Aim: The presence of anti-HLA antibodies in patients poses challenges to transplantation. The precise detection of these antibodies by single antigen bead (SAB) assays have greatly improved successful long-term outcomes for transplantation patients. Currently, the focus of the SAB assays is on the detection of the anti-HLA IgG antibodies. However, as noted by Zhang and Jordan, IgM is the first immunoglobulin produced and may persist in many patients. In addition, Taupin and colleagues observed that the presence of anti-HLA IgM can interfere with anti-HLA IgG signals. To further understand anti-HLA IgM and IgG presence in transplantation patients, we surveyed samples with anti-HLA IgG signals greater than 1000. To investigate how the presence of anti-HLA IgM affects anti-HLA IgG signal, we focused on a sample with overlapping signals for both types of antibodies.
Methods: LABScreen Single Antigen assays were performed on 324 samples. Magnetic beads coated with specific HLA variants (MagSort) were used for absorption and elution on serum 145 to confirm eplet targeted by anti-HLA antibodies. DTT treatment was used to remove anti-HLA IgM signals.
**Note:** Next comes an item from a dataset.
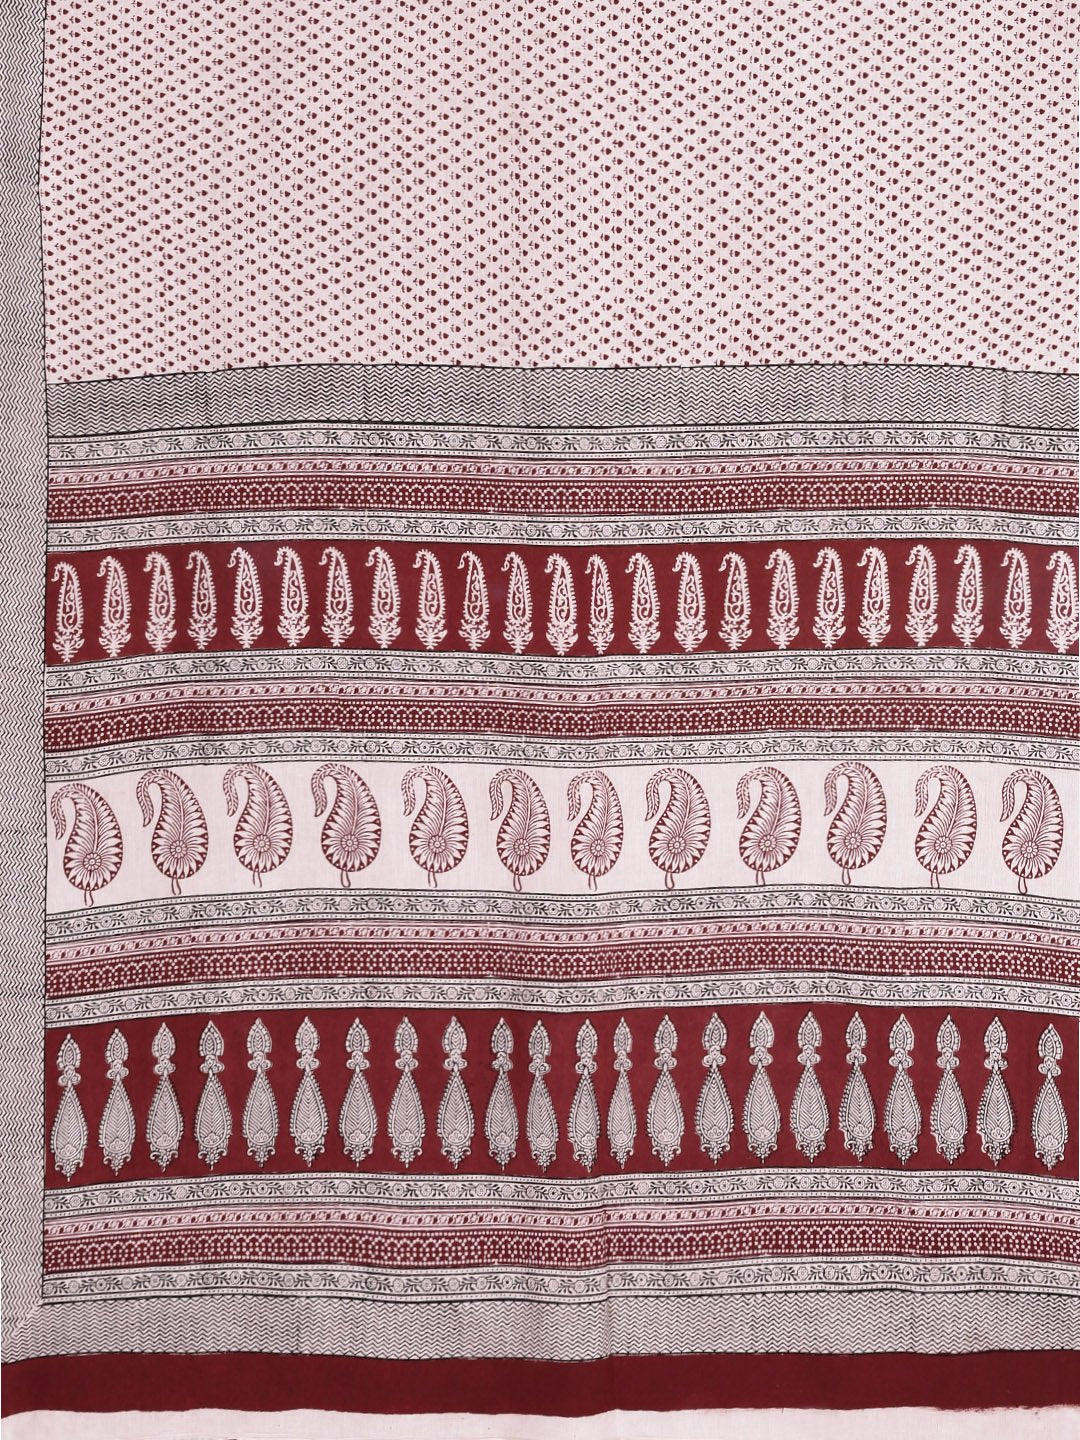 Peach-Coloured Maroon Pure Cotton Printed Saree-Saree-Kalakari India-MYBASA0024-Bagh, Cotton, Geographical Indication, Hand Blocks, Hand Crafted, Heritage Prints, Natural Dyes, Sarees, Sustainable Fabrics-[Linen,Ethnic,wear,Fashionista,Handloom,Handicraft,Indigo,blockprint,block,print,Cotton,Chanderi,Blue, latest,classy,party,bollywood,trendy,summer,style,traditional,formal,elegant,unique,style,hand,block,print, dabu,booti,gift,present,glamorous,affordable,collectible,Sari,Saree,printed, holi, D

Results: For HLA class I, 89.6% of the samples had anti-HLA IgG signals above 10,000. 79% of these same samples had anti-HLA IgM signals above 5,000 (Table 1A). For HLA class II, 34.9% of the samples had anti-HLA IgG signals above 10,000. 44.2% of these same samples had anti-HLA IgM signals above 5,000 (Table 1A). Serum 145 contains anti-HLA IgM antibodies targeting the 90D eplet as confirmed by MagSort A0101 and A2501 IgM elutions (Figure 1A and 1C). Serum 145 also contains anti-HLA IgG antibodies targeting the 82LR eplet as confirmed by MagSort A2501 IgG elution (Figure 1B and 1D). The IgM signals were confirmed by DTT treatment, which destroyed the signals (Figure 1E). The destruction of IgM increased the IgG signals (Figure 1F). The highest increase was observed for A2501 signals, which increased by 2.3-fold. The 90D and 82LR eplets overlap on A2501.
Conclusion: In conclusion, we observed that many samples with high anti-HLA IgG signals also exhibited significant anti-HLA IgM signals. When IgG and IgM signals overlap, high IgM signals can suppress IgG signals. In such cases, we believe that separating IgM antibodies from IgG antibodies will enable a better characterization of the anti-HLA antibodies.
Footnotes: One Lambda MagSort is for Research use Only. Results presented are solely for research purposes.